App.–El Paso Aug. 12, 2009, no pet. h.) (not yet reported). This Court never held that the evidence
was legally and factually sufficient to sustain a jury award of $2.2 million. Id. Rather, we found it
unnecessary to address M&A’s argument that the cost method employed by Ratliff, which failed to
rely on economic obsolescence, was error when Ratliff’s testimony, at most, would only appear to
support a jury award of $2.2 million. Id. Because we never determined that the evidence was
actually sufficient to support an award of $2.2 million, we find IVG’s remittitur of $800,000
insufficient to cure the error.
Nevertheless, if we determine that remittitur is appropriate, we must suggest a proper
remittitur. TEX . R. APP . P. 46.5. In this case, Ratliff’s cost-method reasoning is flawed; therefore,
the evidence is insufficient to support an award on any amount and remittitur is not appropriate. See
Merrell Dow Pharmaceuticals, Inc. v. Havner, 953 S.W.2d 706, 712-14 (Tex. 1997) (unreliable
scientific expert testimony is legally no evidence); Plunkett v. Connecticut General Life Ins. Co., 285
S.W.3d 106, 116 (Tex. App.–Dallas 2009, pet. filed) (inferences and opinions drawn either from
unreliable foundational data or flawed methodology and reasoning are unreliable and legally no
evidence).
Analysis of Cost-Method Approach
Part of the cost-method approach requires consideration of whether the earnings of the
business “are capable of providing a reasonable rate of return on all the property devoted to the
enterprise.” See Gordon V. Smith & Russell L. Parr, Valuation of Intellectual Property and
Intangible Assets 206 (3rd ed. 2000). Although Ratliff valued the e-commerce platform at $1.8
million and the hardware and software component at $.4 million, his estimation of future revenue
was purely speculative. See M&A, 2009 WL 2456289, at *8. We also note that Ratliff’s valuation
was based on estimates he collected from website costs and the costs incurred by profitable
companies with developing similar technology. But as we noted in our opinion, IVG was a small
unproven entity and did not compare to large, profitable companies. See M&A, 2009 WL 2456289,
at *9. Thus, there is no way to determine whether IVG’s future earnings were capable of providing
a reasonable return on its historical cost, i.e., the cost to rebuild the e-commerce platform and the
hardware and software component. In other words, Ratliff’s opinion was based on flawed
methodology and reasoning, and therefore, was no evidence of actual damages under the cost-
method approach. See Havner, 953 S.W.2d at 712-14; Plunkett, 285 S.W.3d at 116.

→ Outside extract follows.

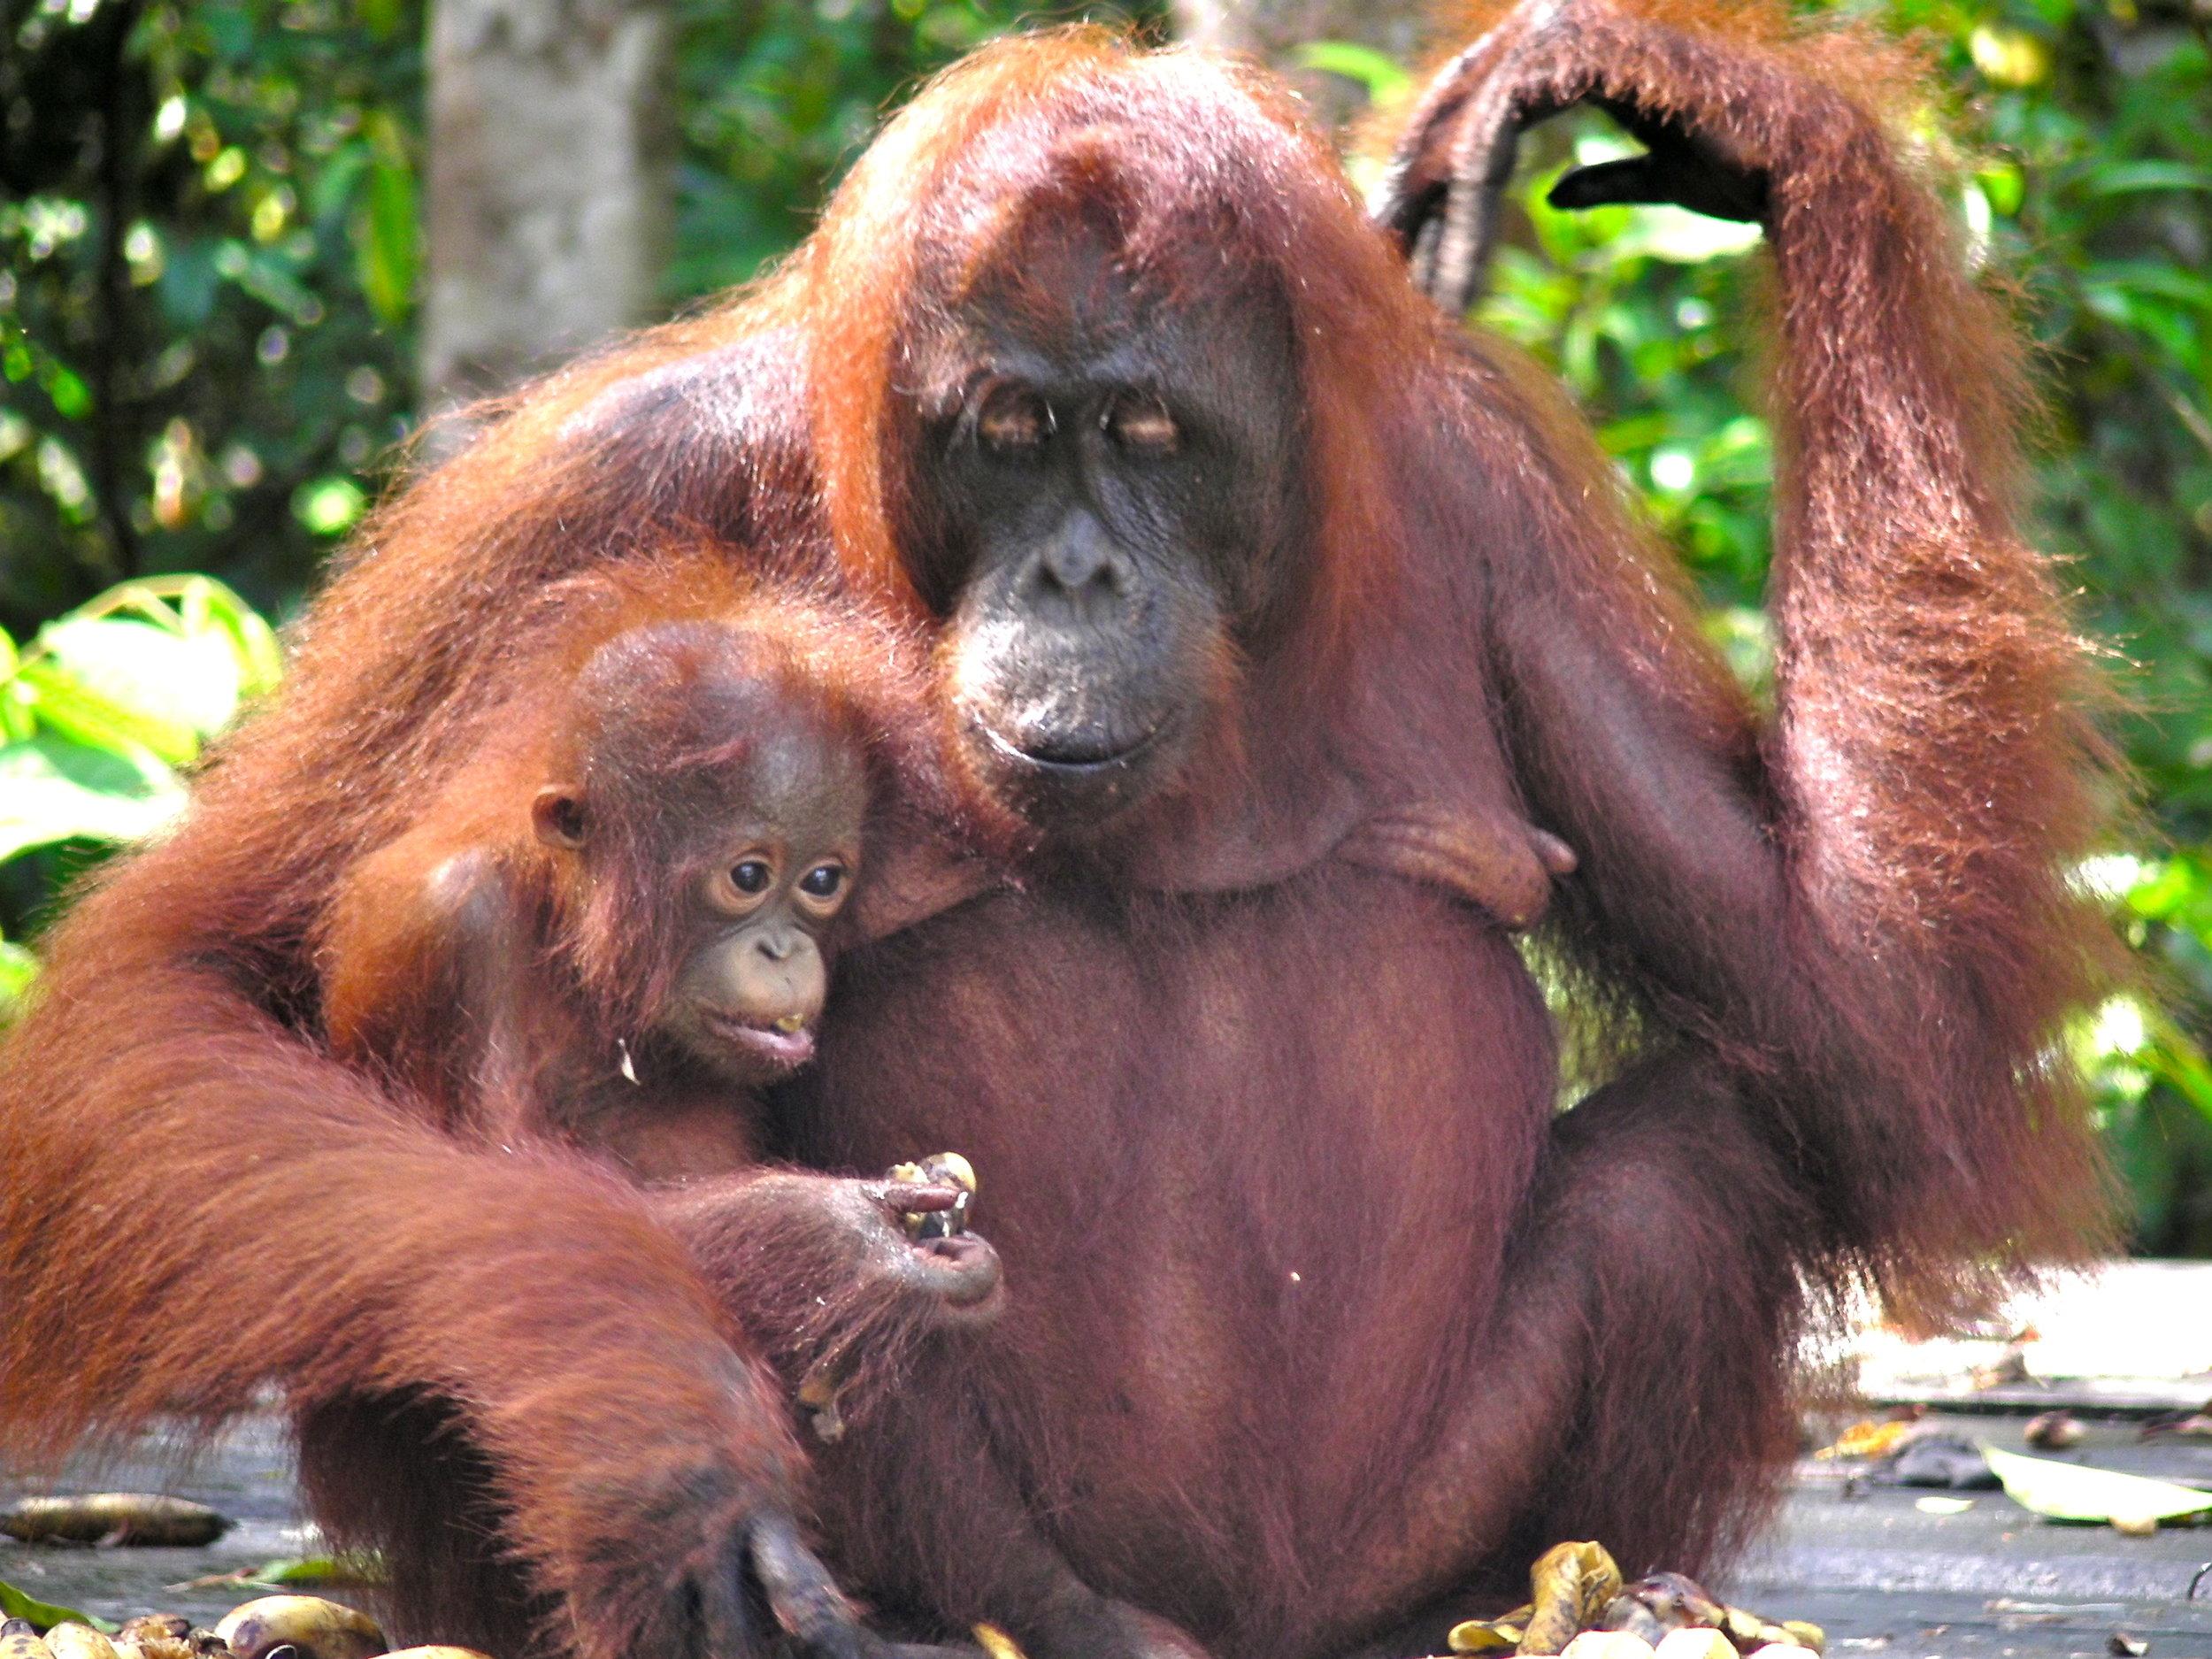 The victims of palm oil: Mama and baby orangutan in Borneo
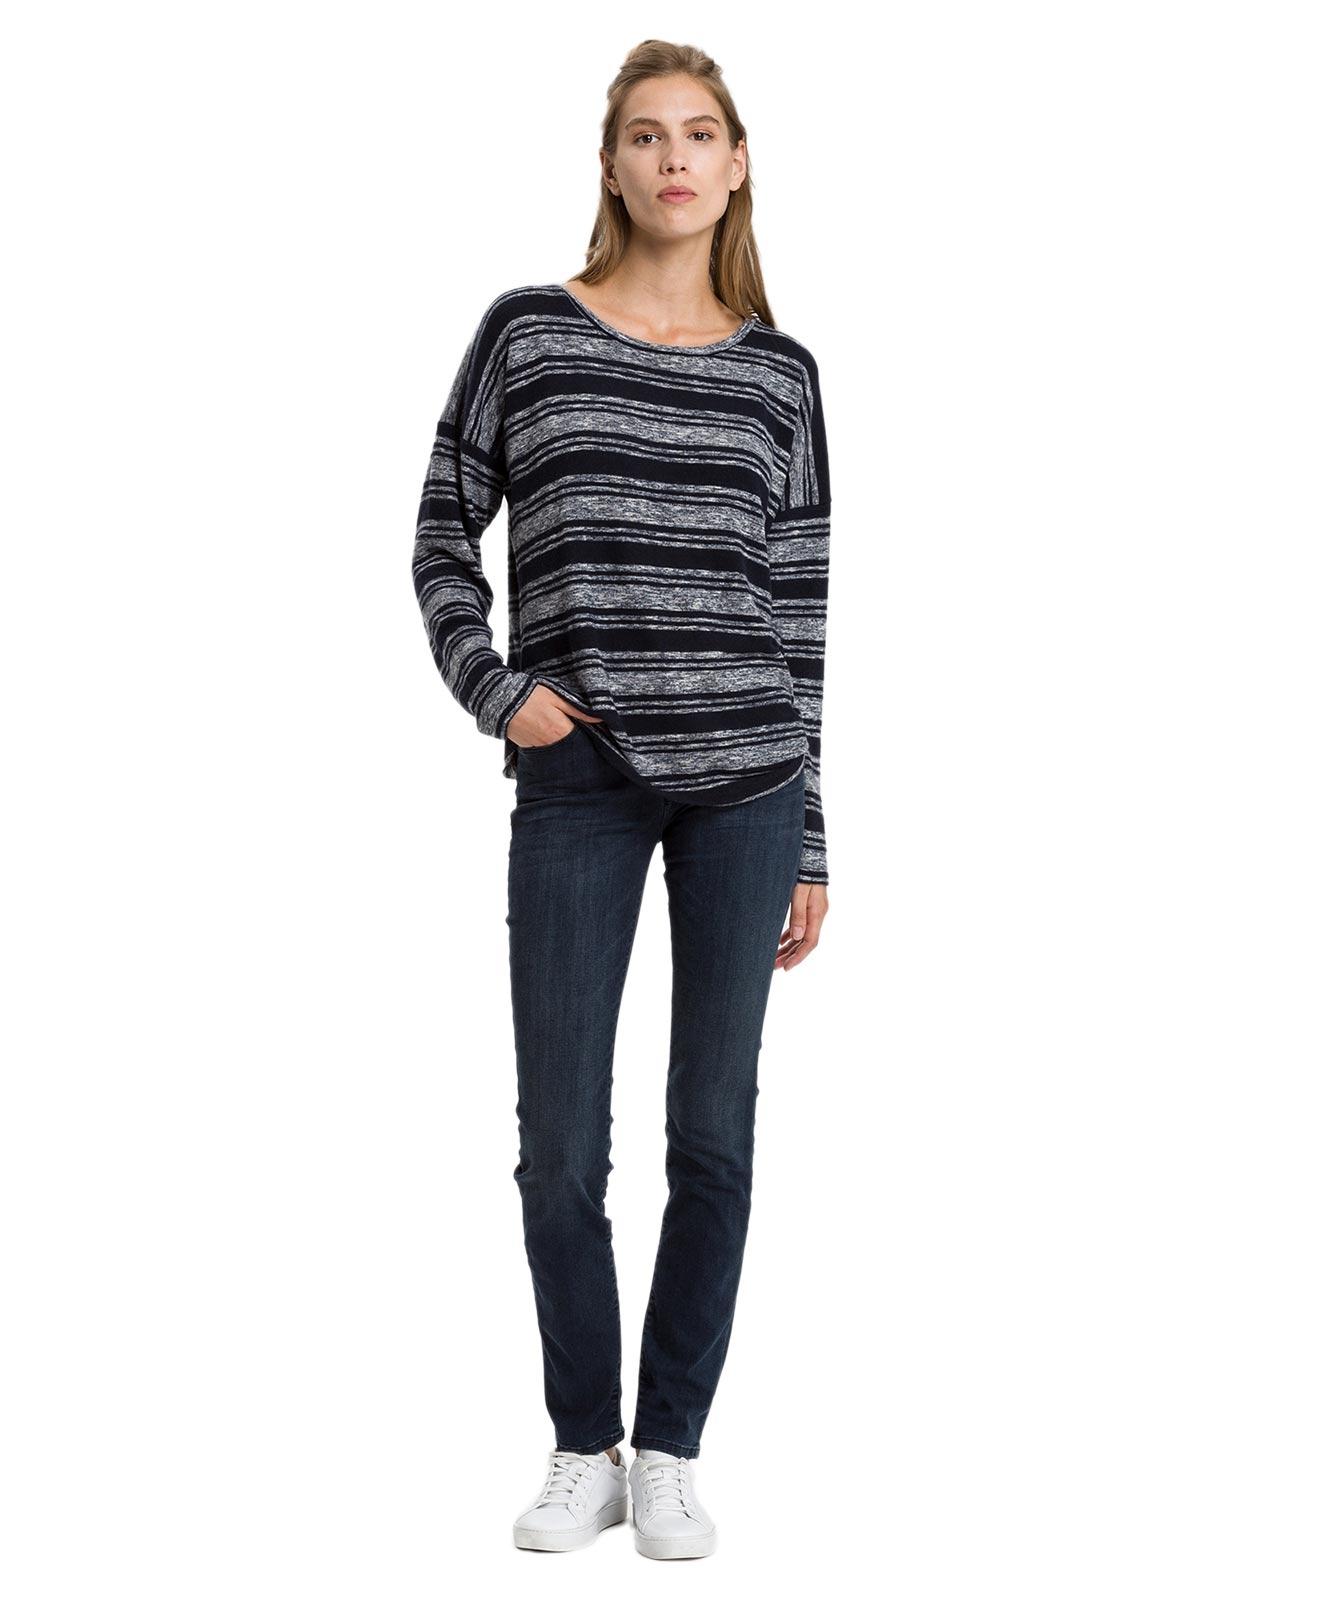 Hosen - Cross Mom Jeans Anya in Blue Black  - Onlineshop Jeans Meile

Accordingly, without any evidence of actual damages, remittitur will not cure the reversible
error in this case. See TEX . R. APP . P. 46.5. We reject IVG’s request for voluntary remittitur.
Severance
IVG also asks that we sever M&A’s claims against Ross and only remand for a partial new
trial. IVG’s request is predicated on our acceptance of the remittitur. See TEX . R. APP . P. 46.5
(when the voluntary remittitur is sufficient to cure the error, the appellate court must accept it and
affirm the judgment as reformed). Because we hold that remittitur is inappropriate, we decline to
sever M&A’s claims against Ross and remand for a partial trial solely involving Ross’ claims.
IVG’s motion for rehearing is denied.
GUADALUPE RIVERA, Justice
September 30, 2009
Before Chew, C.J., McClure, and Rivera, JJ.